Second-Quarter 2009 Out-of-Period Accounting Adjustment

  • Interactive Data's results for second quarter of 2009 included a $10.9 million out-of-period accounting adjustment related to the write-down of certain assets and the accrual of certain liabilities associated with the Company's European real-time market data services operation. The out-of-period accounting adjustment decreased second-quarter 2009 revenue by approximately $2.3 million and increased 2009 second-quarter total costs by approximately $8.6 million. A table summarizing the out-of-period accounting adjustment and its allocation to earlier reporting periods has been included on page 14 of this press release.

First-Half 2010 Results

  • For the first six months ended June 30, 2010, Interactive Data reported revenue of $390.9 million, an increase of $19.8 million, or 5.3%, from $371.0 million in the same period last year. Foreign exchange increased first-half 2010 revenue by $3.3 million and acquisitions, net of intercompany eliminations, contributed $12.2 million during that same period.
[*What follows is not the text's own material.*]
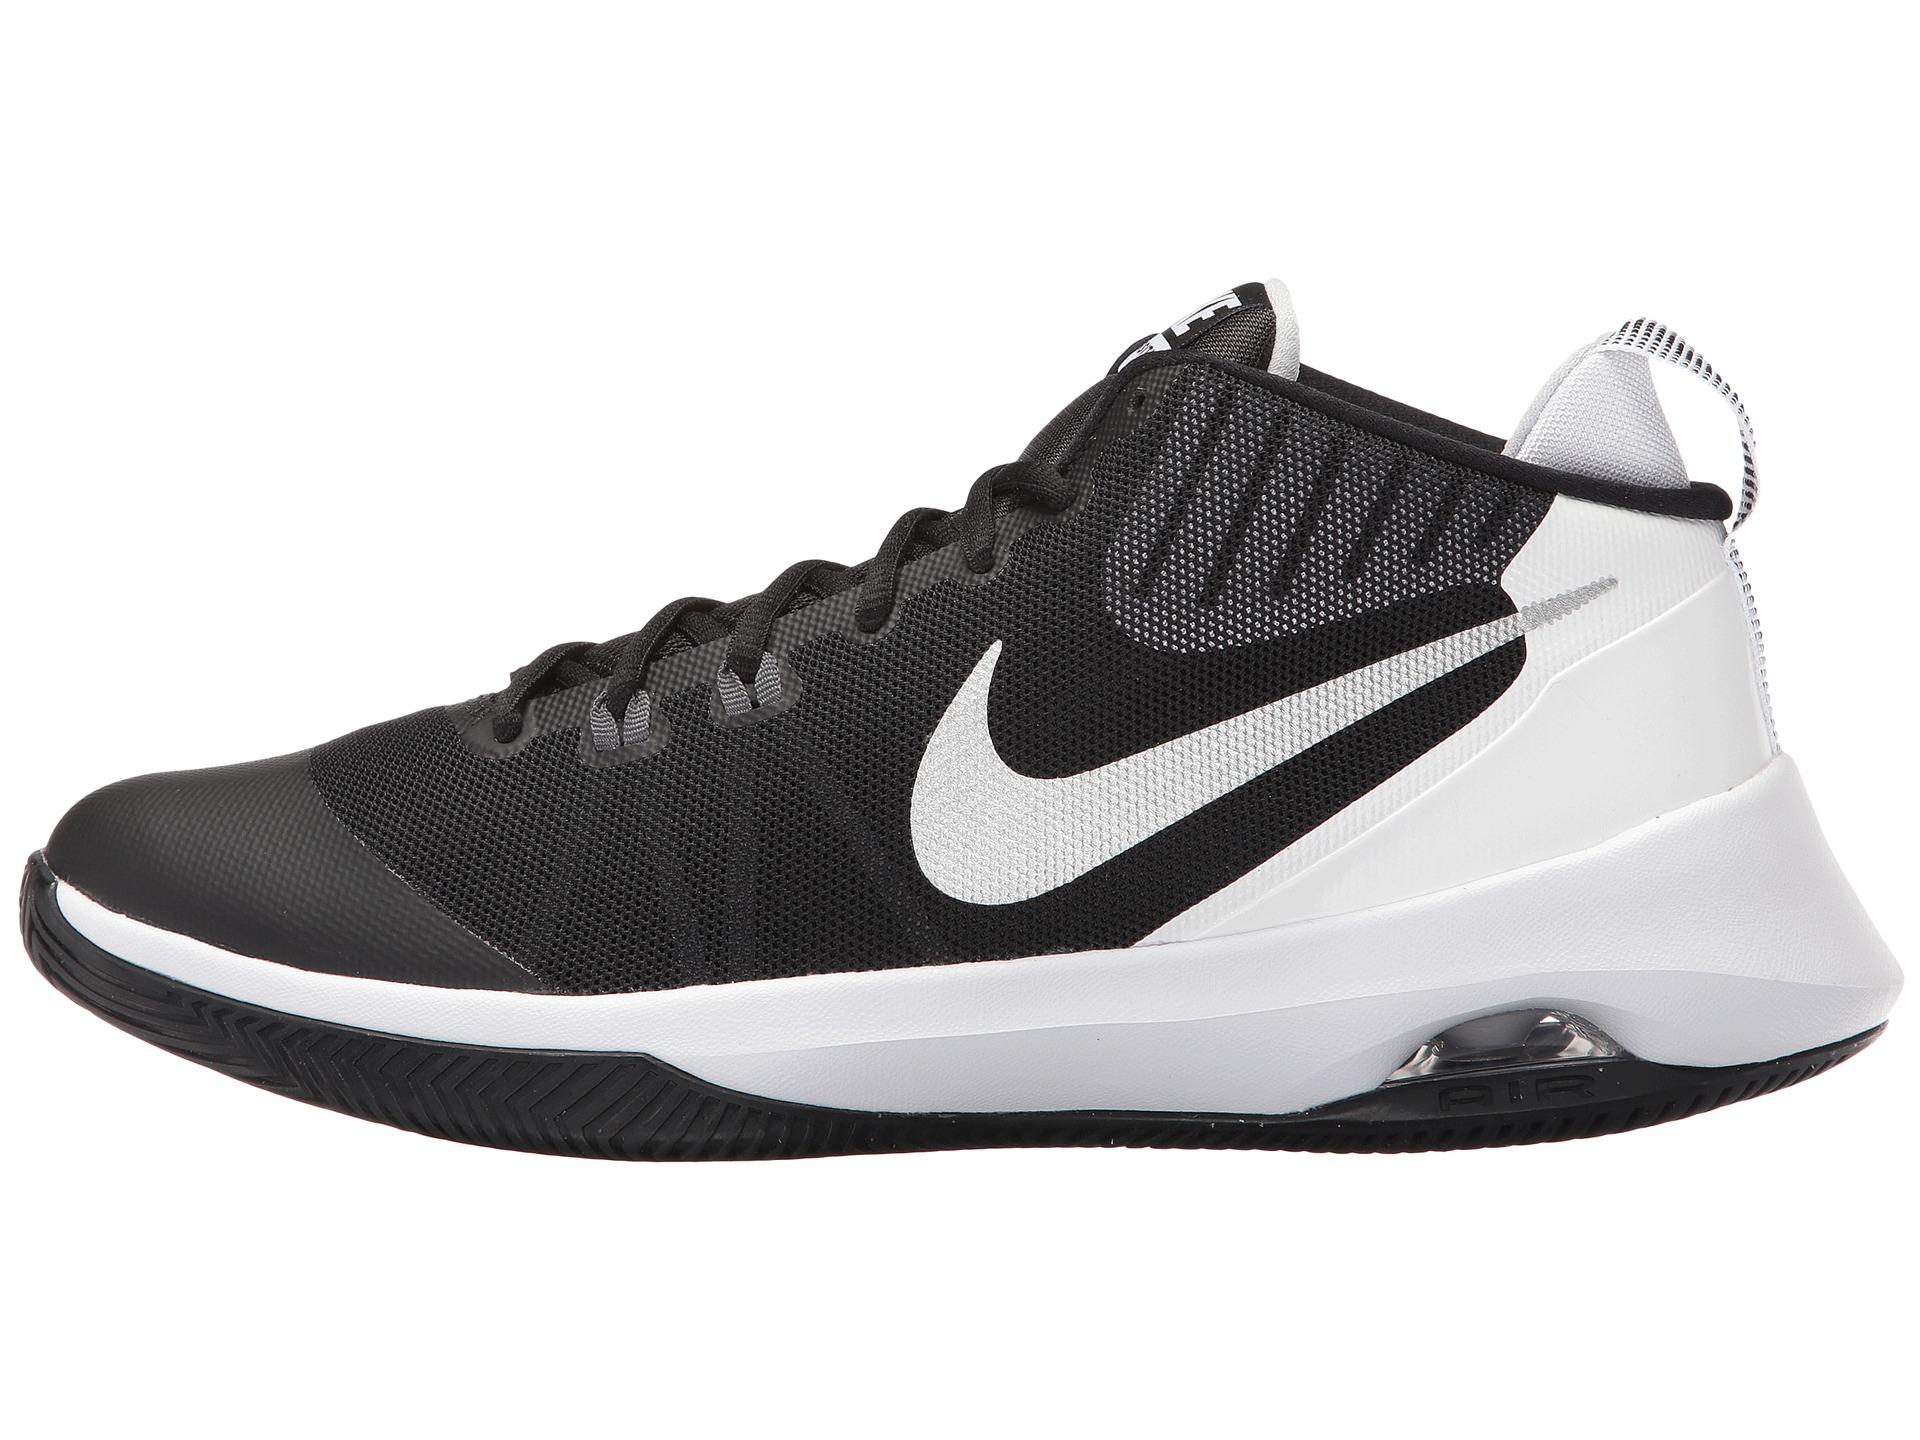 Nike Versatile Basketball Shoes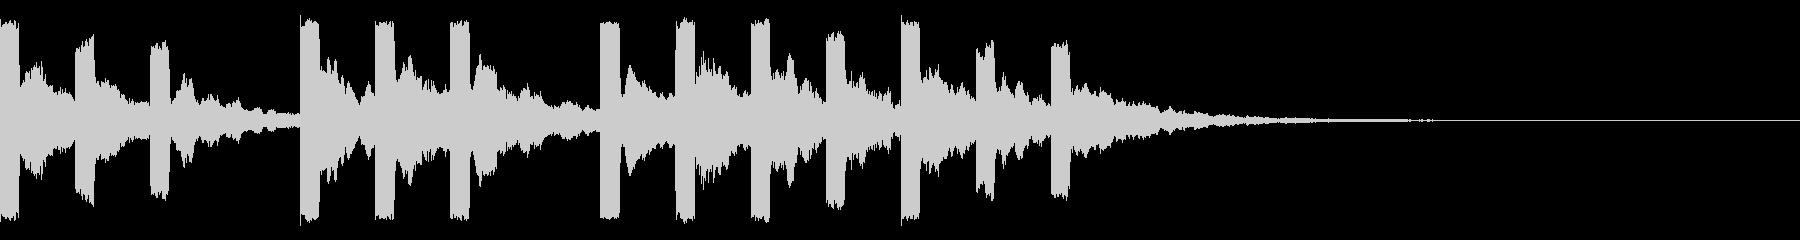 始まりの際の音の未再生の波形

Excluding the effects of foreign exchange and the net impact of acquisitions, organic revenue grew by 1.2% during the first half of 2010. Total costs and expenses increased $38.8 million, or 14.2%, to $310.9 million in the first half of 2010. Net income attributable to Interactive Data during the first half of 2010 was $54.7 million, or $0.56 per diluted share, versus $65.1 million, or $0.68 per diluted share, in the comparable period of 2009. The effective tax rate for first half of 2010 was 32.3% compared with 34.8% in the same period last year.

Acquisition of Interactive Data by Silver Lake and Warburg Pincus:

  • On May 4, 2010, Interactive Data announced a definitive agreement for the Company to be acquired by investment funds managed by Silver Lake and Warburg Pincus in a transaction with a total value of $3.4 billion. Under the agreement, Interactive Data's stockholders will receive $33.86 in cash for each share of Interactive Data common stock they own. Completion of the transaction, which remains subject to certain closing conditions, is expected to occur within the next several weeks.

Non-GAAP Information

In an effort to provide investors with additional information regarding our results on a generally accepted accounting principles (GAAP) basis, we also disclose the following non-GAAP information, which management believes provides the following useful information to investors:

  • Management refers to growth rates at constant foreign currency exchange rates so that business results can be viewed without the impact of changing foreign currency exchange rates, thereby facilitating period-to-period comparisons of our underlying business. Generally, when the U.S. dollar either strengthens or weakens against other currencies, the growth at constant currency rates will be higher or lower than growth reported at actual exchange rates.
  • Management includes information regarding organic revenue growth, which excludes the contribution of businesses recently acquired, related intercompany eliminations and the effects of foreign currency exchange rates because management believes that facilitating period-to-period comparisons of our organic revenue growth on a constant dollar basis better reflects actual underlying business trends. As part of determining organic growth, management refers to revenue for our Interactive Data Pricing and Reference Data, Interactive Data Real-Time Services, Interactive Data Fixed Income Analytics, and eSignal businesses. Management uses this information for evaluating its business, and for forecasting and planning purposes. In addition, since we have historically reported revenue for these businesses to the investment community as part of our reports on Form 10-K and Form 10-Q, we believe that continuing to offer such information provides consistency in our financial reporting.
  • Management includes information regarding core total costs and expenses which excludes total costs and expenses associated with businesses recently acquired, and the effects of foreign exchange because management believes changes in our core total costs and expenses on a constant dollar basis better reflect actual trends in the core businesses.
  • Management includes information regarding non-GAAP income from operations, which excludes revenue and costs and expenses associated with recently acquired businesses, intercompany eliminations and the effects of foreign exchange because management believes changes in our non-GAAP income from operations on a constant dollar basis better reflect actual underlying business trends in the core businesses.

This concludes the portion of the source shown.